■ Dataset extract:
^^^^
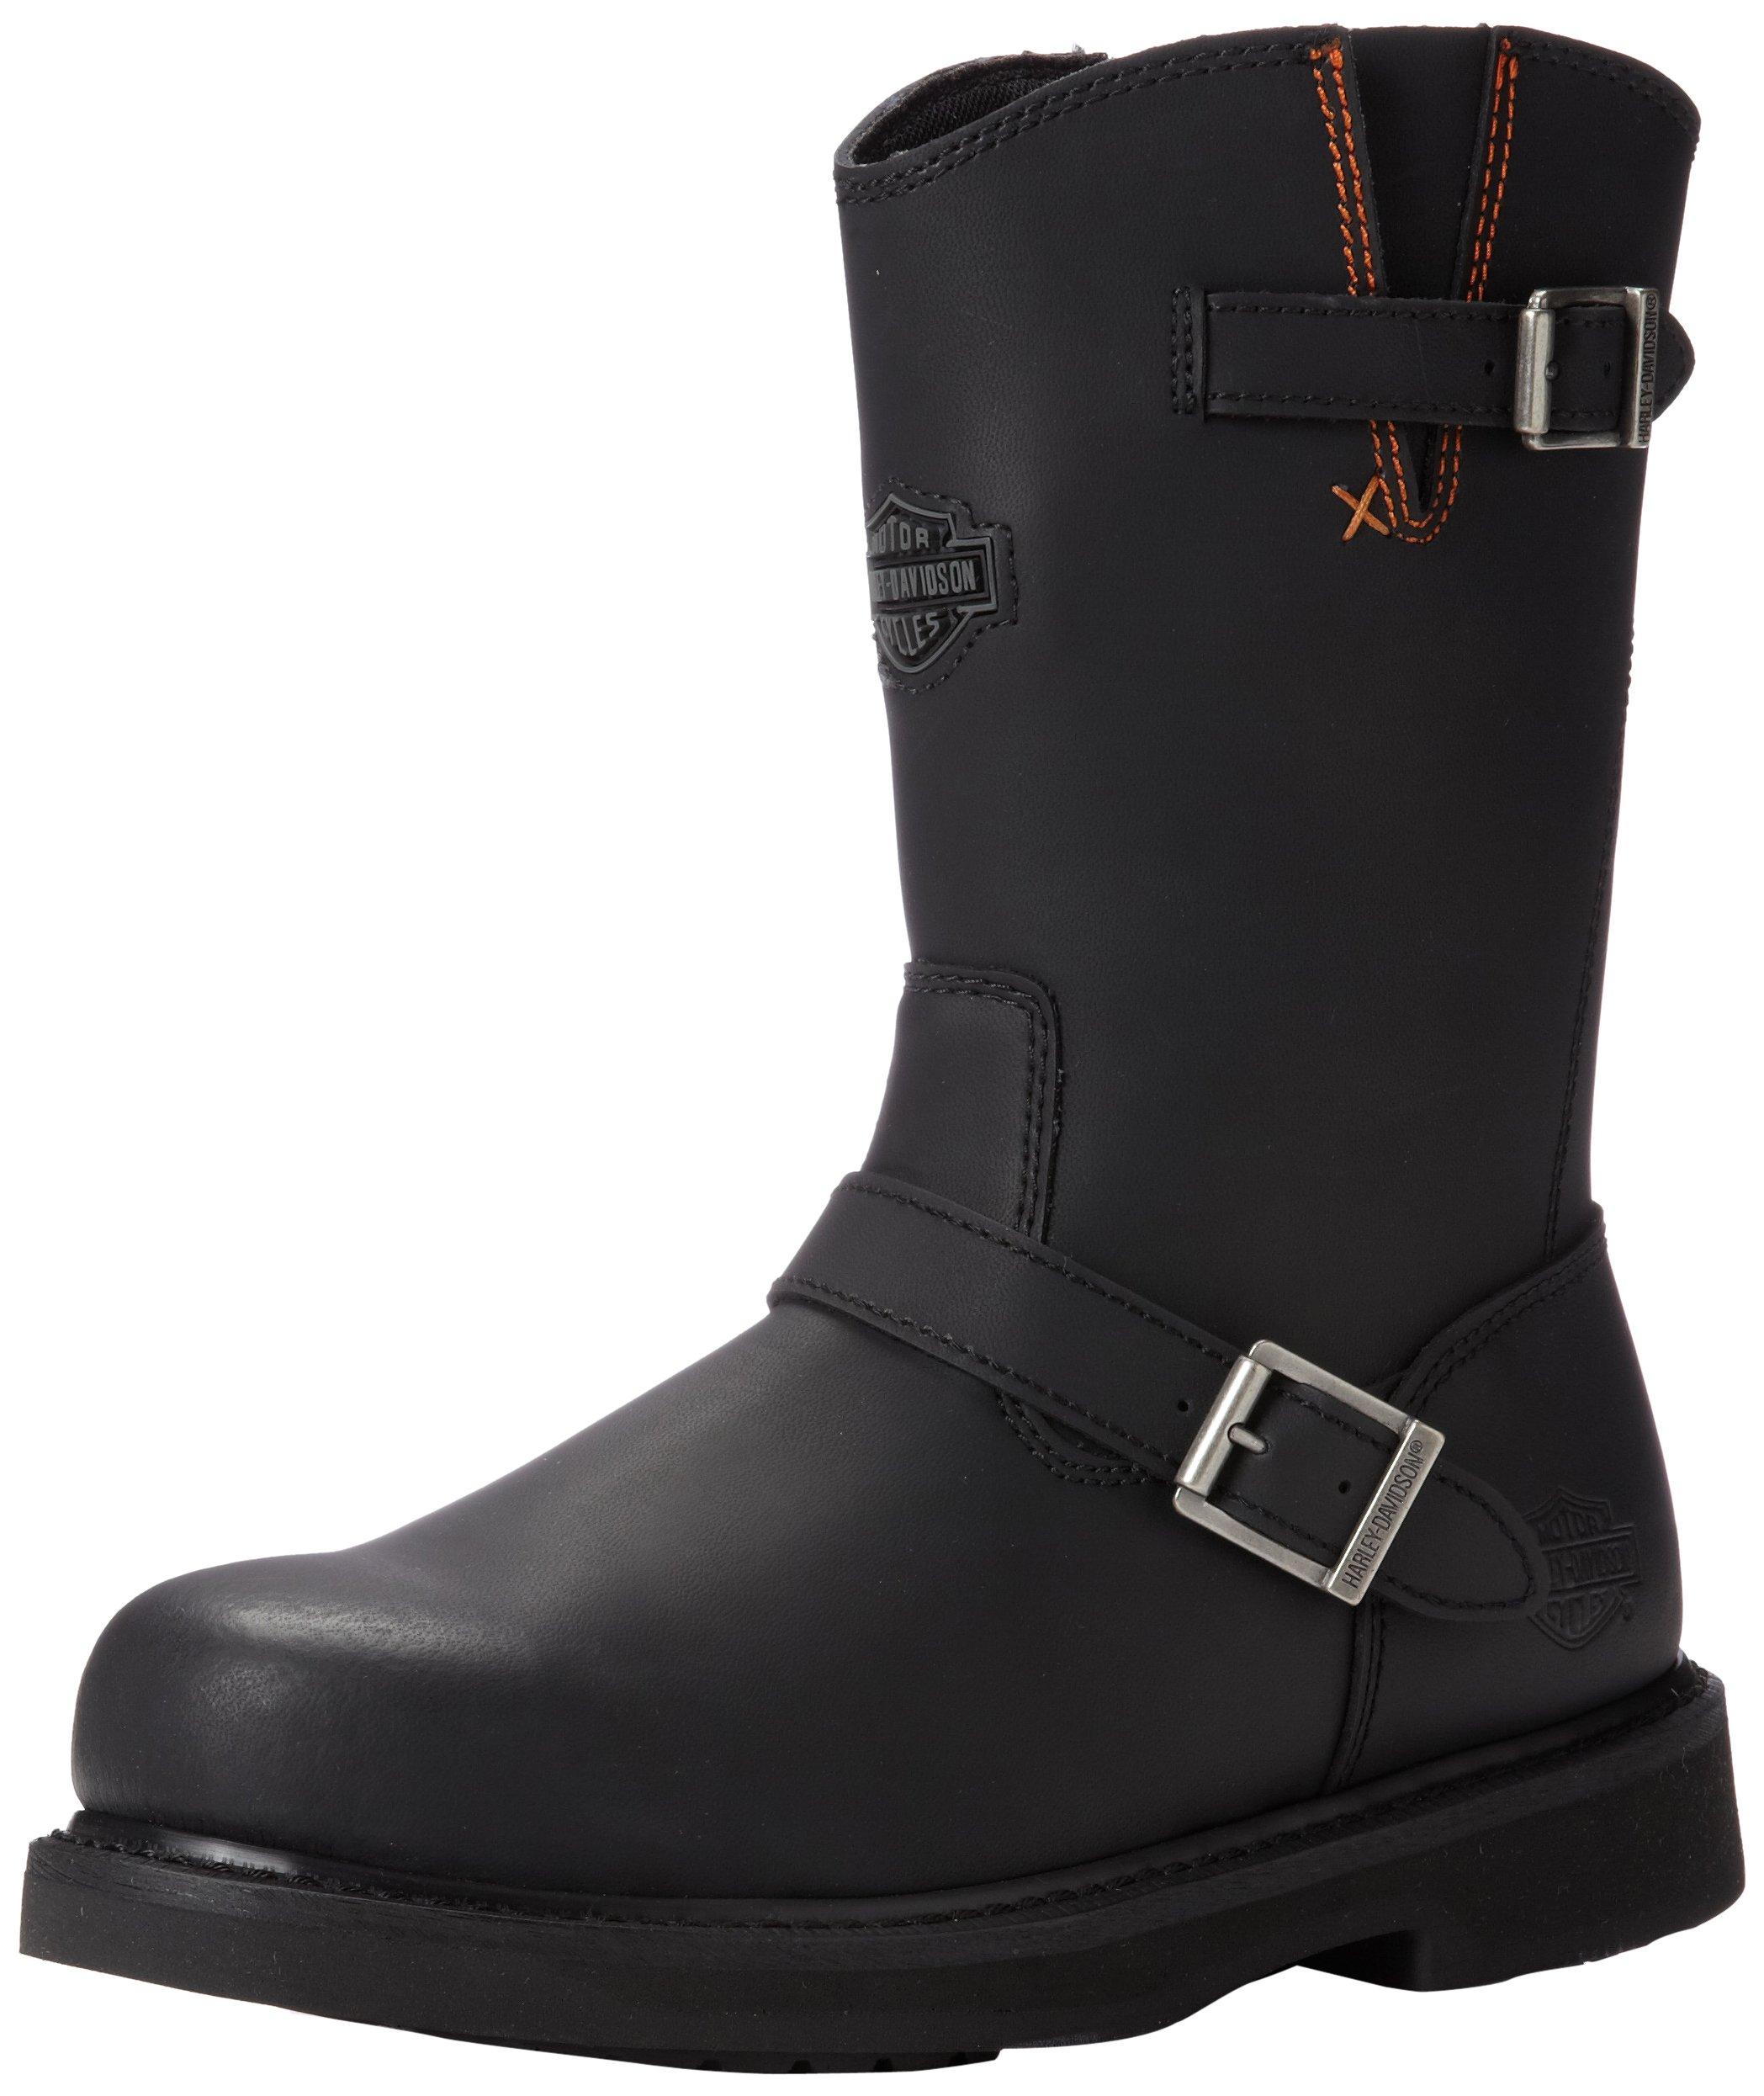 Harley-Davidson Men's Jason ST Engineer Safety Boot, Black, 13 M US
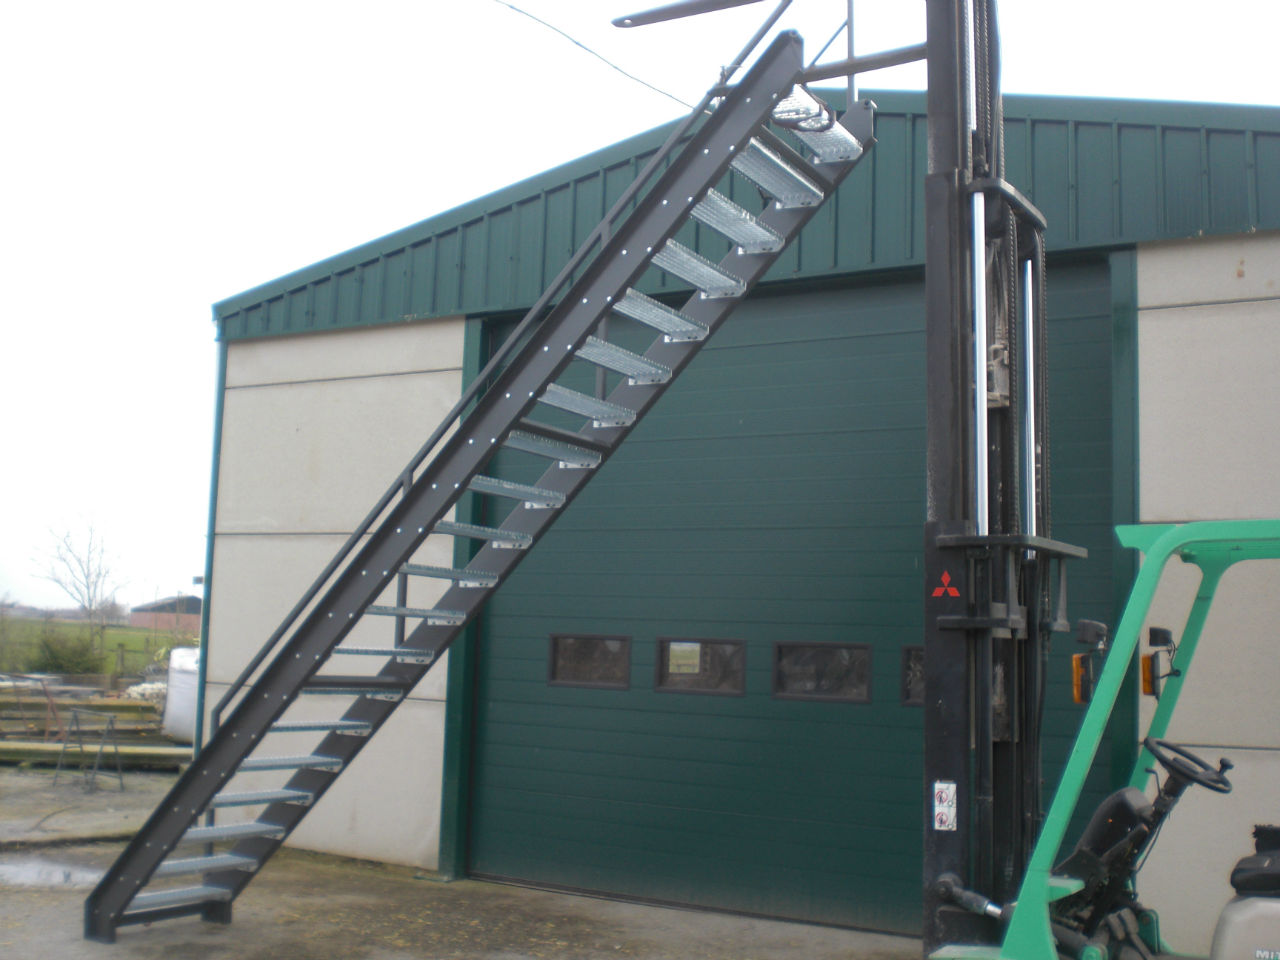 Industri le metalen trap stijn decroos for Metalen trap maken
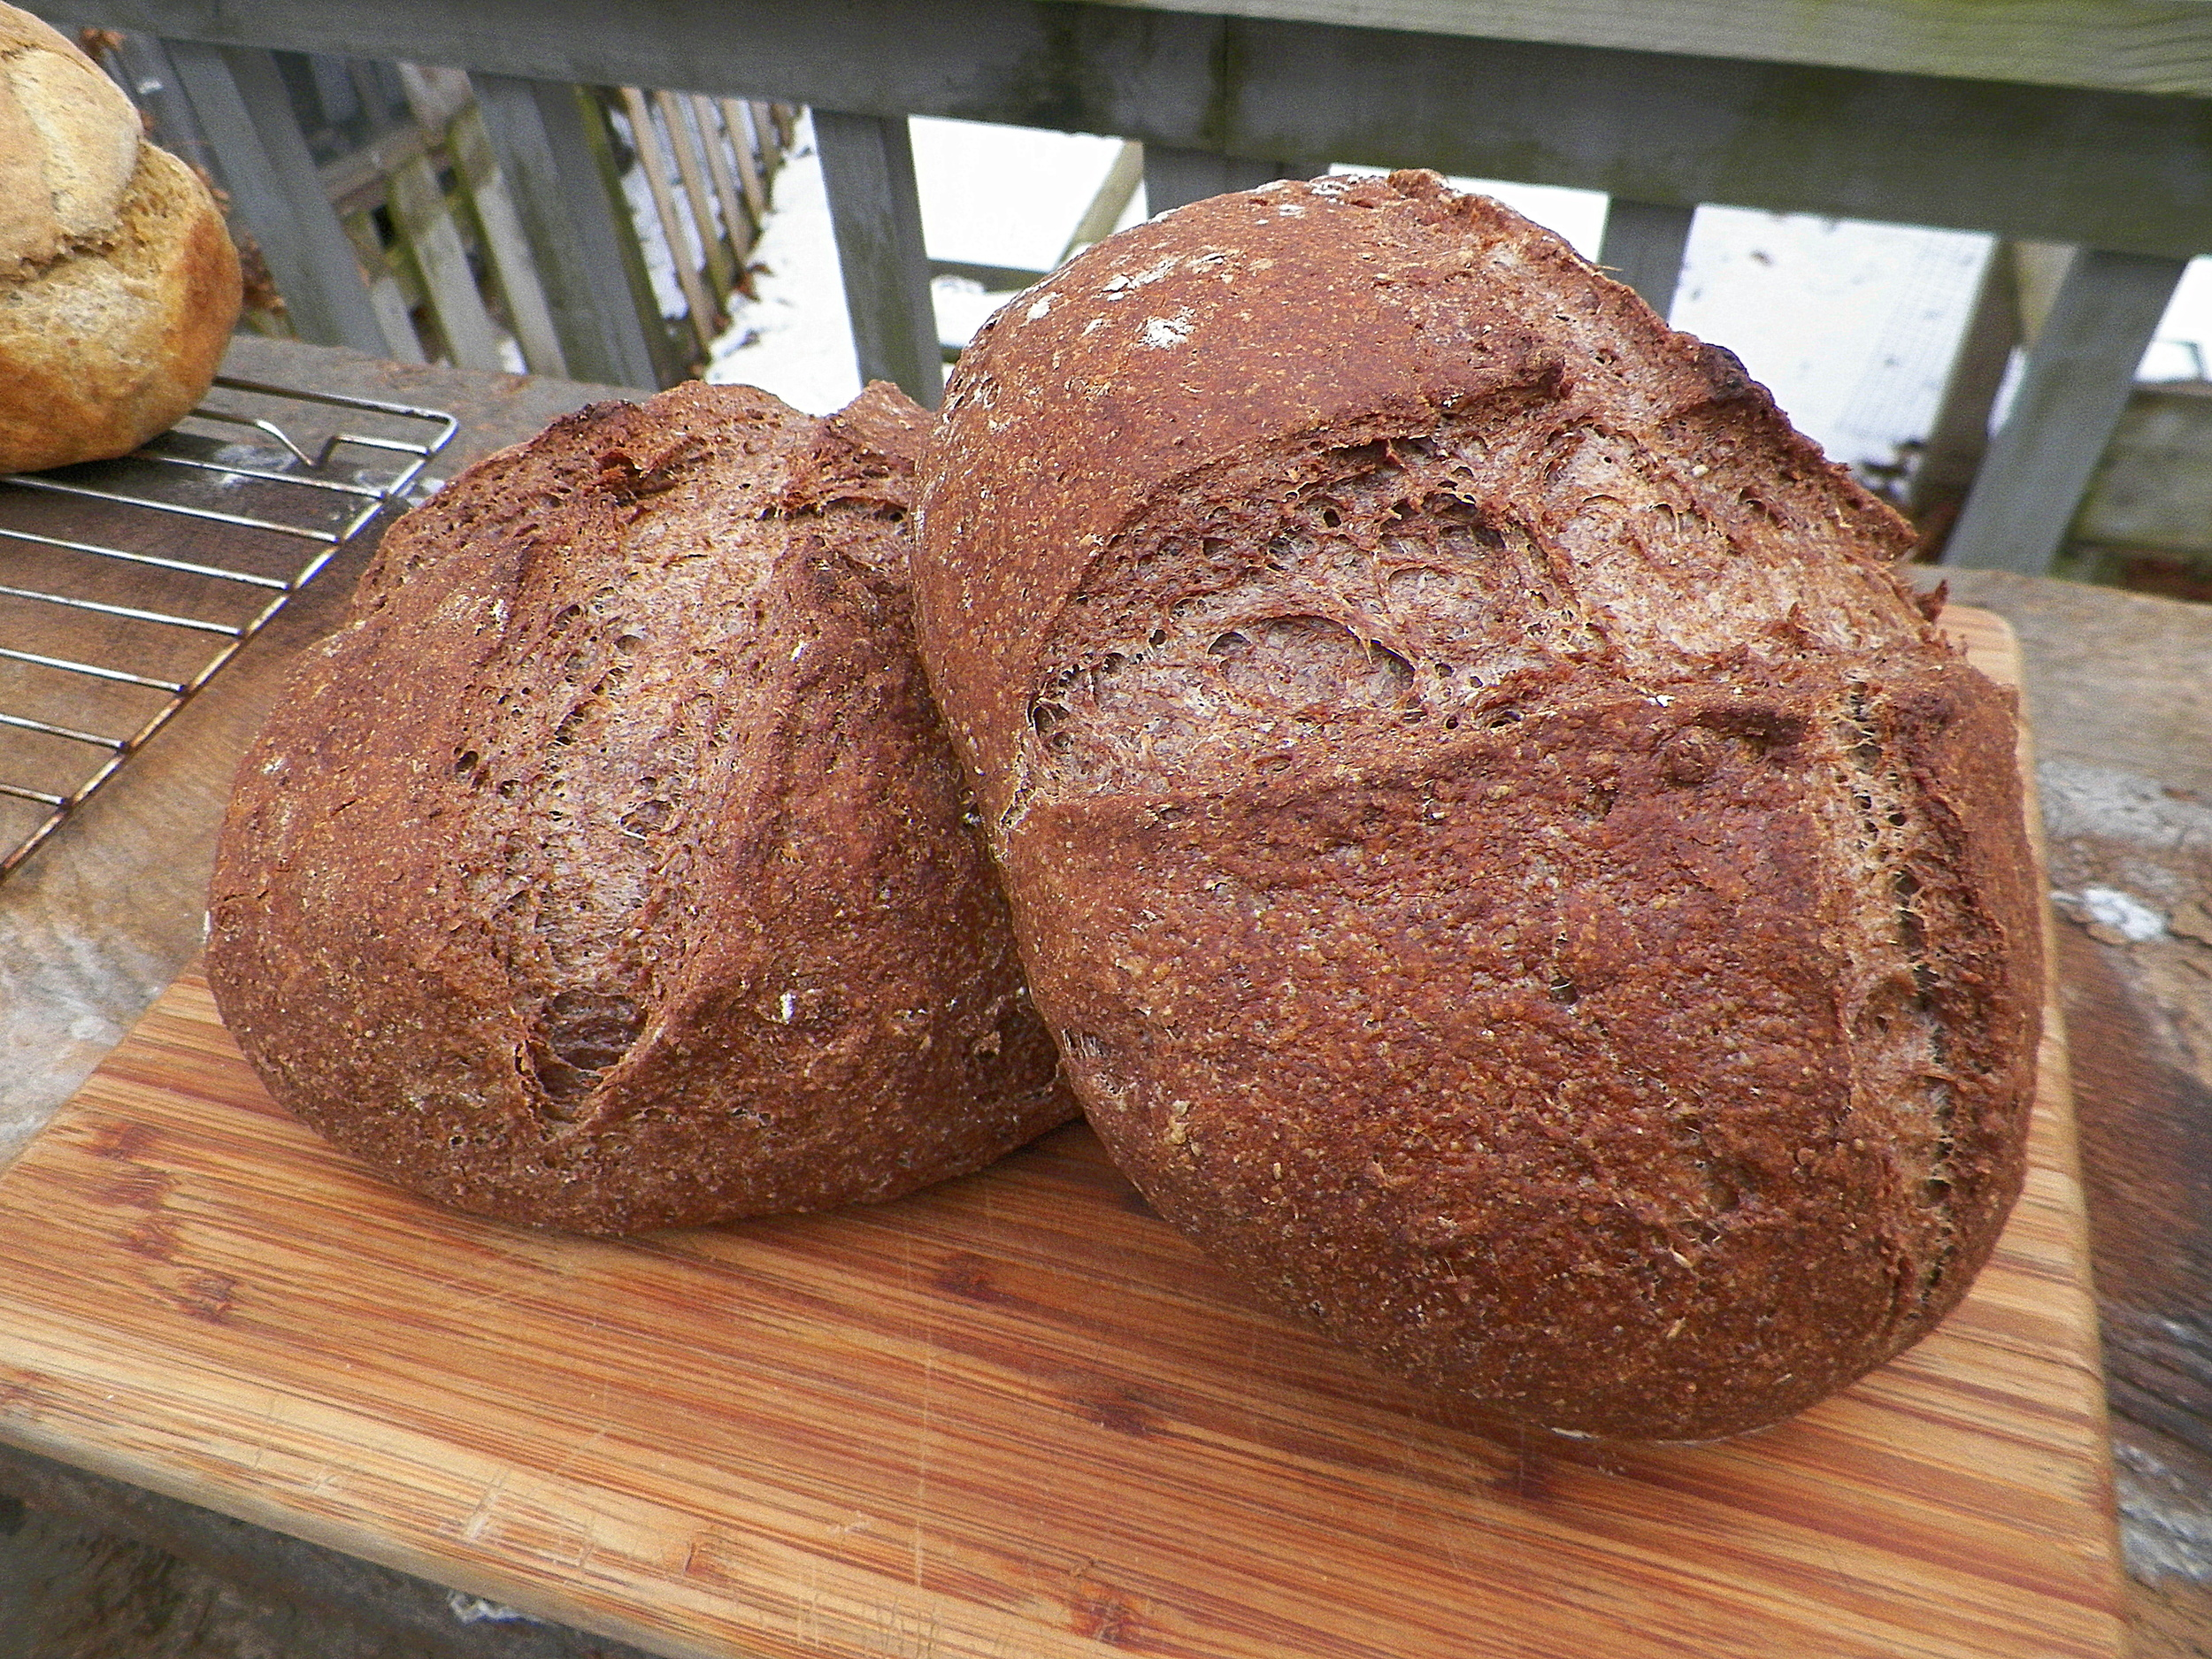 Acorn bread.
^^^^
■ Work instruction: Restate the data word for word without pictures.

■ Exercise answer:
 Harley-Davidson Men's Jason ST Engineer Safety Boot, Black, 13 M US
 Industri le metalen trap stijn decroos for Metalen trap maken
 Acorn bread.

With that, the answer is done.